«Это совсем не роман, — говорила она матери. — Это была книжка про ужасы». Она сказала «ужасы» с той же интонацией, как сказала бы «секс». Патти была милой и доброй женщиной, но кругозор ее был столь же невелик, сколь мал был набор выразительных средств. Тем не менее она попыталась объяснить матери, чем эта книжка напугала ее и насколько расстроила. «Там сплошь и рядом чудовища. Гады, преследующие детей. Убийства и… я не знаю… всякое такое… В общем, гадость». Ужасы шокировали Патти почти так же, как порнография. Этого последнего Патти просто избегала, хотя и понимала, что означает слово «порнография», но сама никогда не произносила. «Стэн чувствовал, что открыл для себя заново своего друга детства. Он говорил, что напишет ему, но я знаю — он не стал бы… И я понимаю, что эти романы как раз и привели его в дурное самочувствие и…»
Здесь Патти Урис расплакалась. Этой ночью, которая (без шести месяцев) пришлась на двадцативосьмилетие со дня встречи Джорджа Денборо с клоуном Пенниуайзом, Стэн и Патти сидели в гостиной своего уютного домика в пригороде Атланты. Был включен телевизор. Патти сидела на кушетке перед телевизором, деля внимание поровну между вязанием и своим любимым телешоу «Семейные распри». Она просто обожала Ричарда Доусона, считая его цепочку для часов «ужасно сексуальной»; однако это не мешало ей при этом твердой рукой выводить рисунок диких мустангов. А еще это шоу нравилось ей тем, что она угадывала наиболее популярные ответы (в «Семейных распрях» нет правильных ответов, есть лишь принятые большинством).

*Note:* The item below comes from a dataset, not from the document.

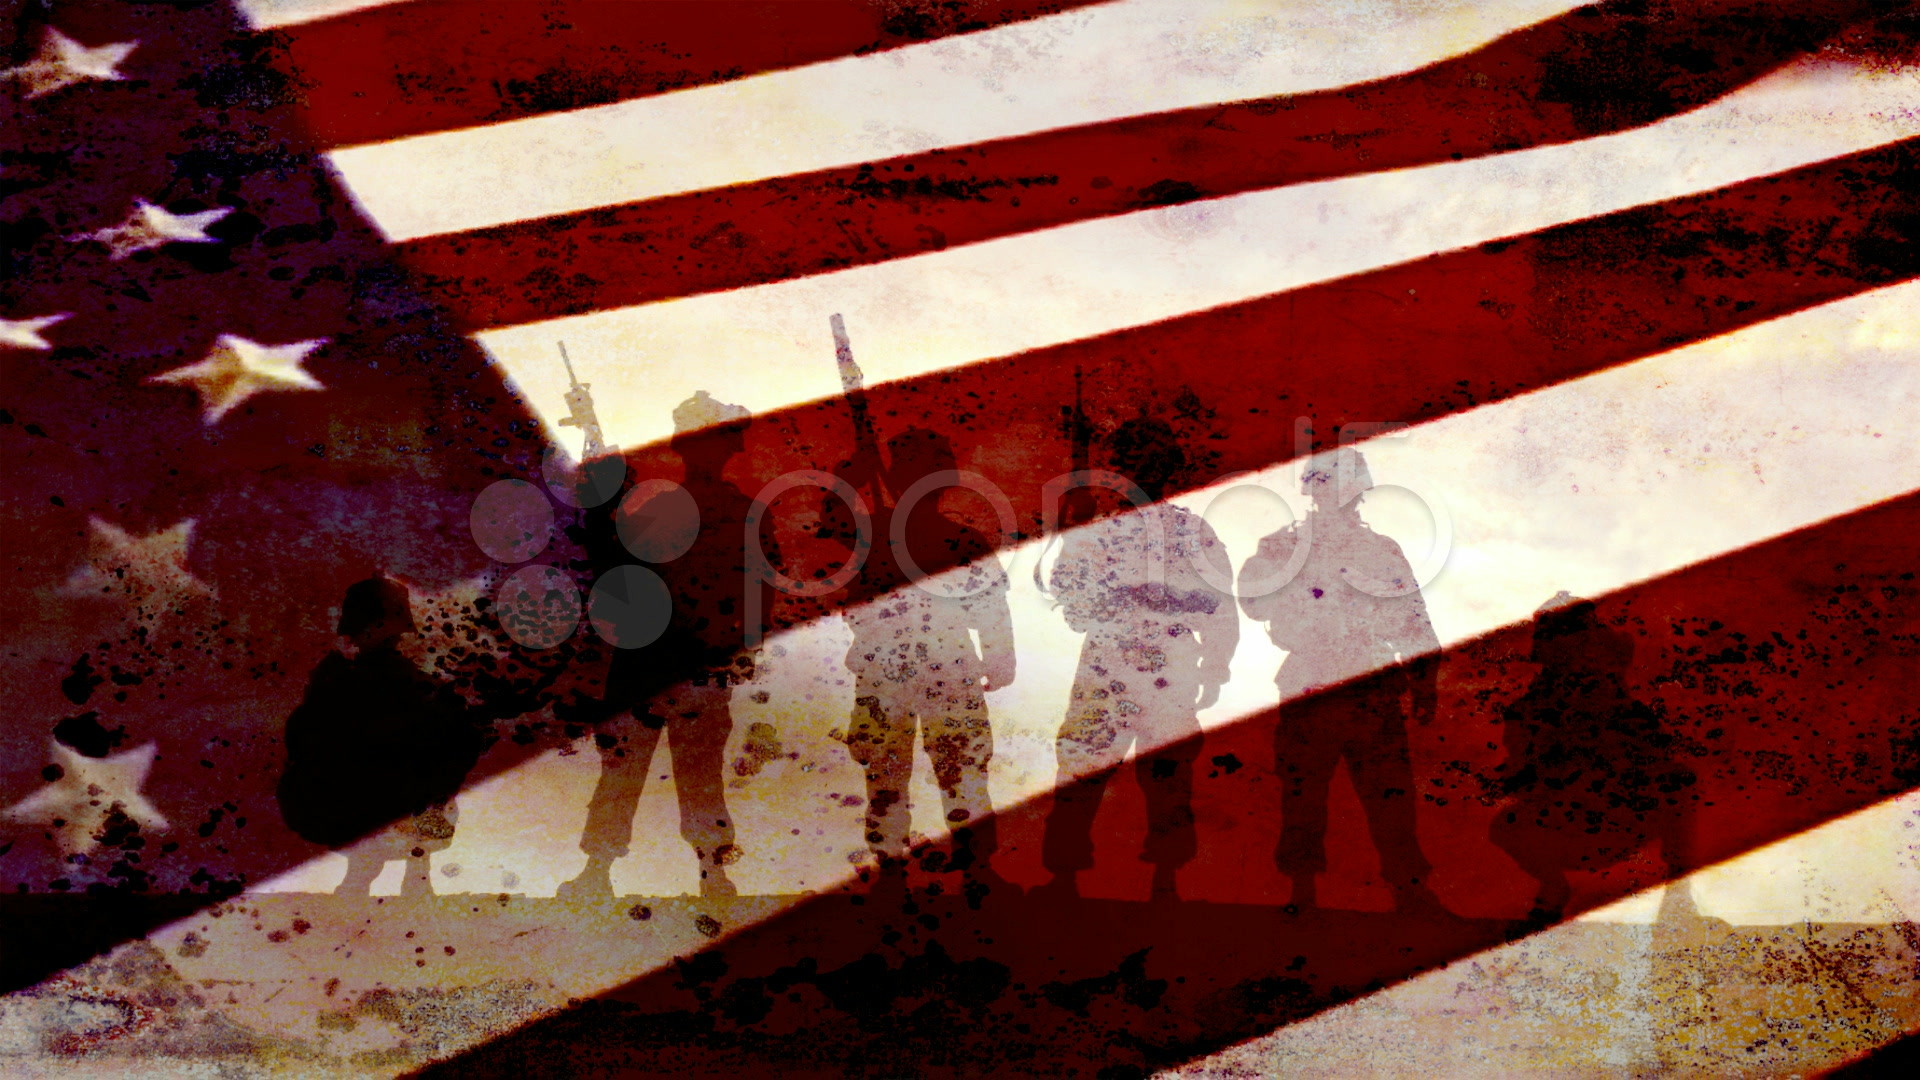 1920x1080 Free Wallpaper Patriotic Backgrounds - WallpaperSafari patriotic eagle  backgrounds - Bing images | Patriotic / 9/11 .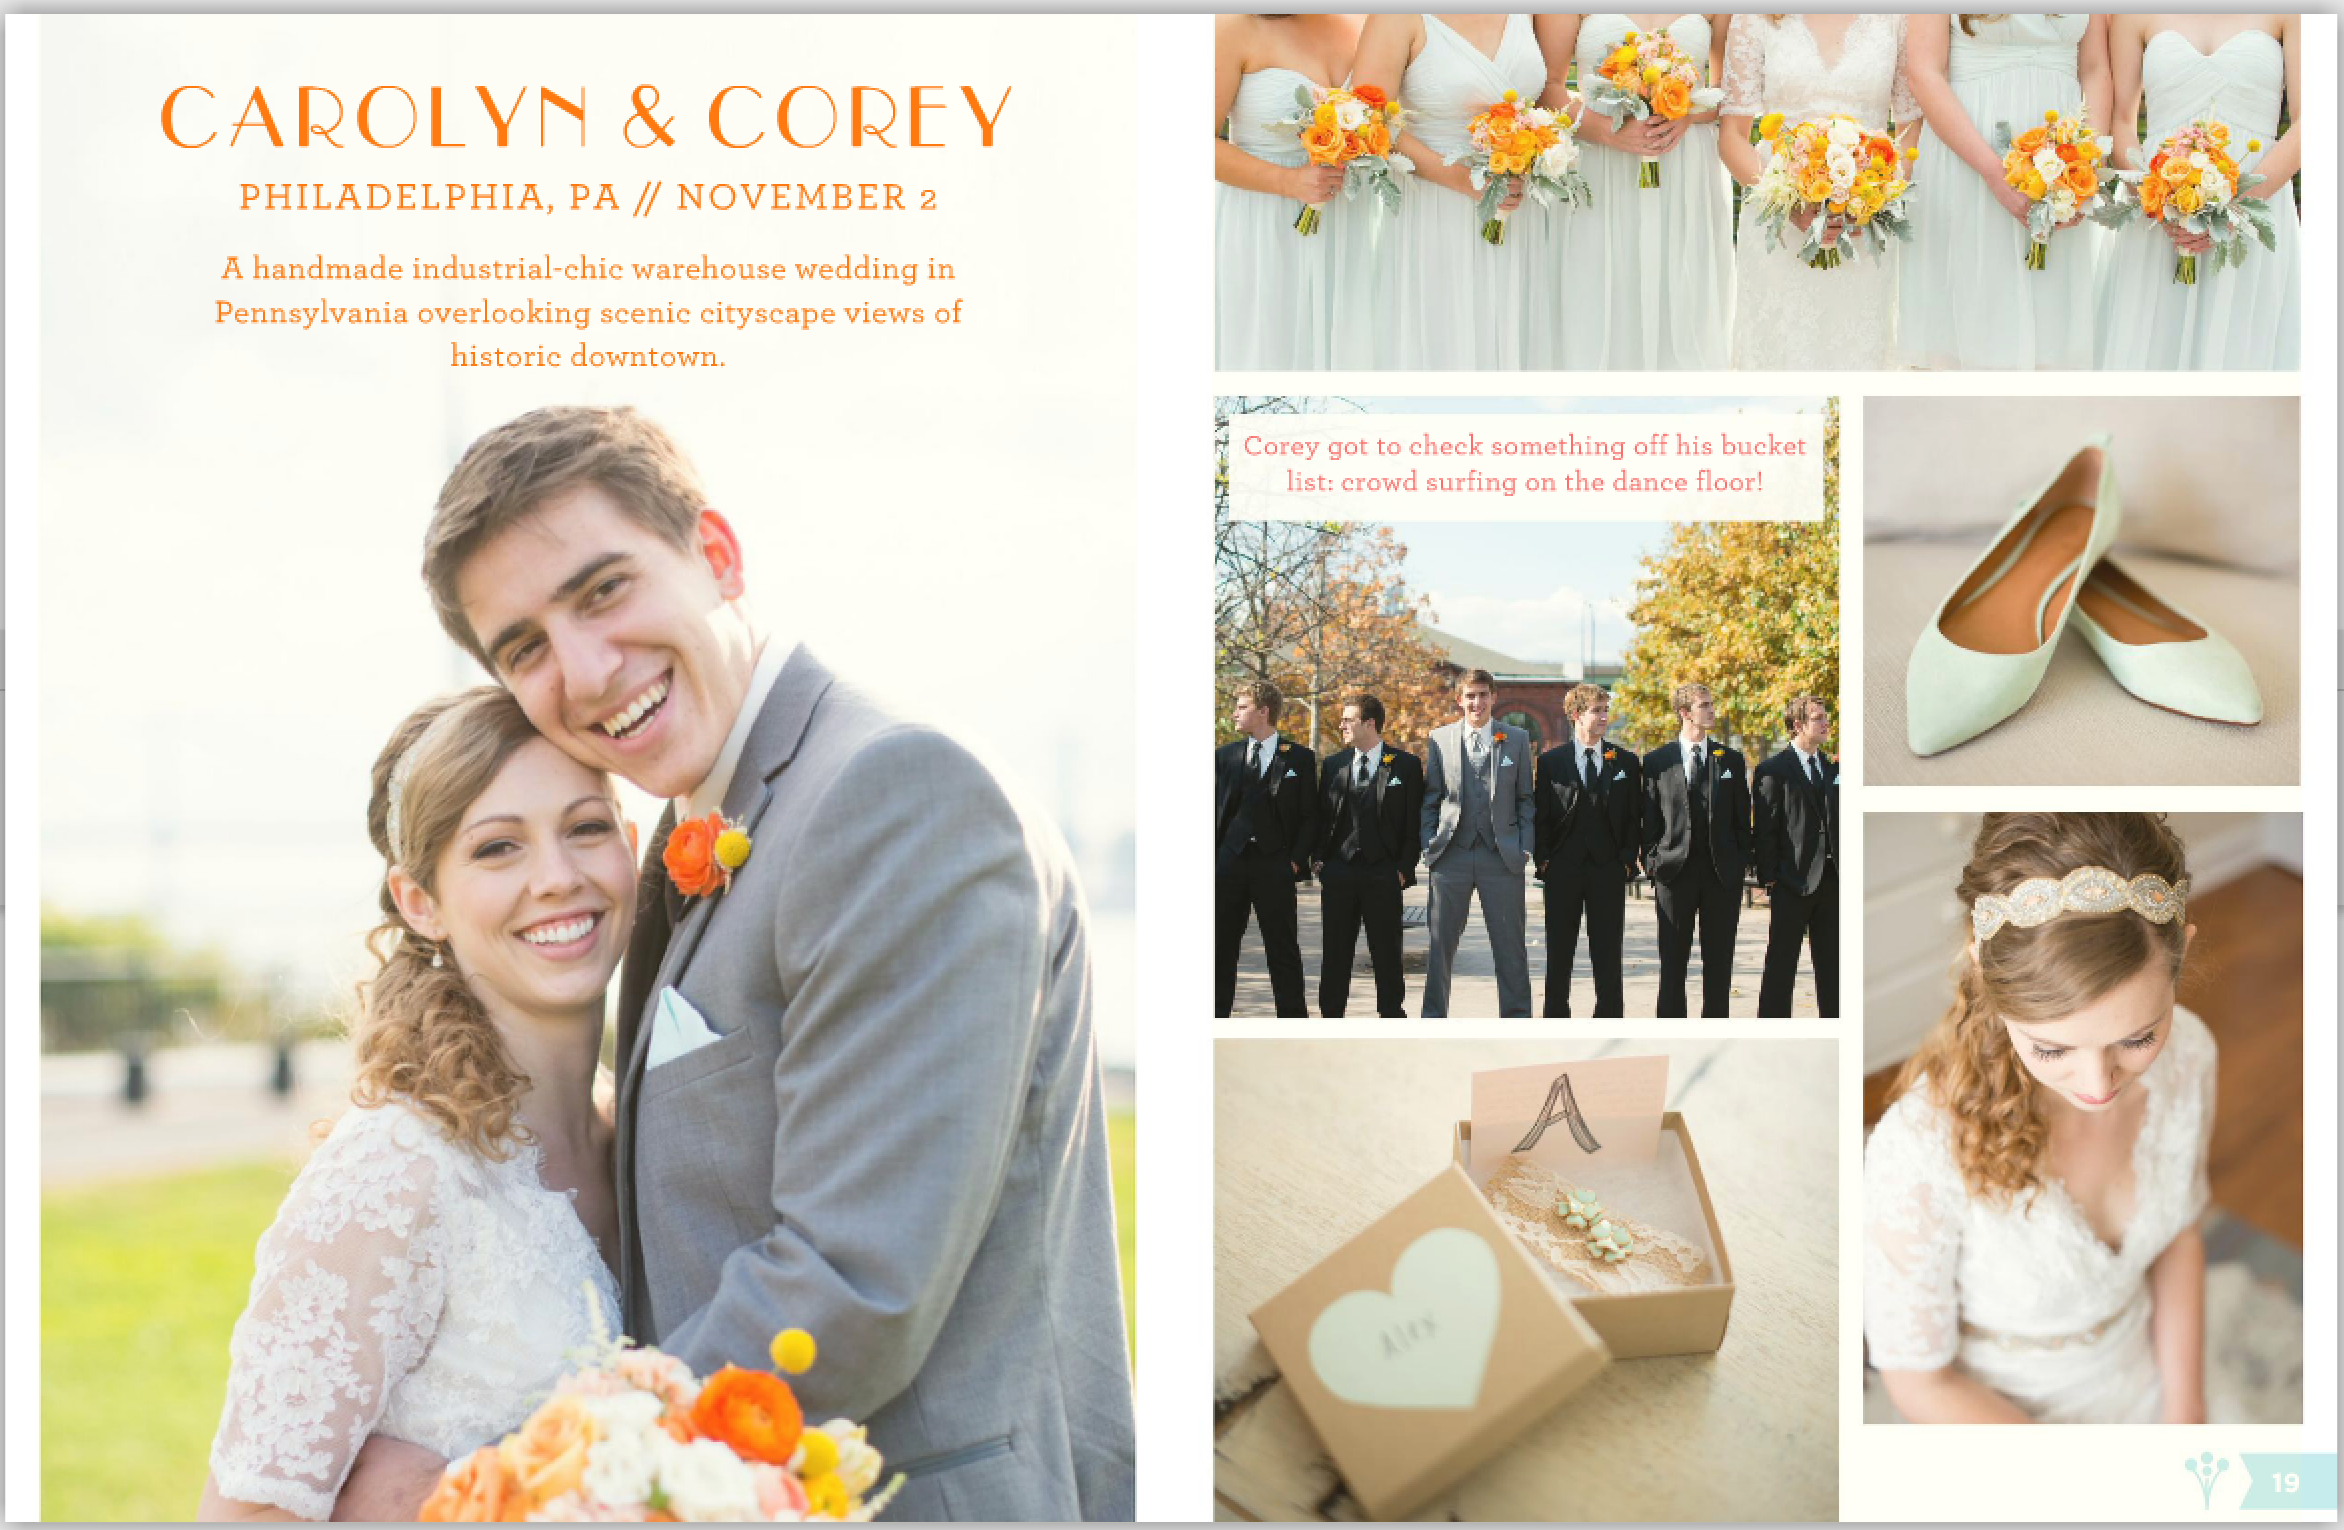 WeddingWire FallBook 2014 - Alison Dunn Photography Feature - Philadelphia Wedding photo

Однажды она спросила Стэна, почему вопросы, которые ставят в тупик семьи в телешоу, ей кажутся простыми. «Может, ты переживаешь это сильнее, чем они, — откликнулся Стэн, и Патти показалось, что по его лицу пробежала тень. — В действительности переживания сильнее, чем в шоу. Ты просто реальнее себе их представляешь».
Она решила, что это звучит убедительно. О, Стэнли очень глубоко понимал человеческую сущность. Уж куда глубже, решила Патти, чем его старый друг Уильям Денборо, разбогатевший на книгах, в которых сплошные ужасы — низкопробной литературе, рассчитанной на публику с дурным вкусом.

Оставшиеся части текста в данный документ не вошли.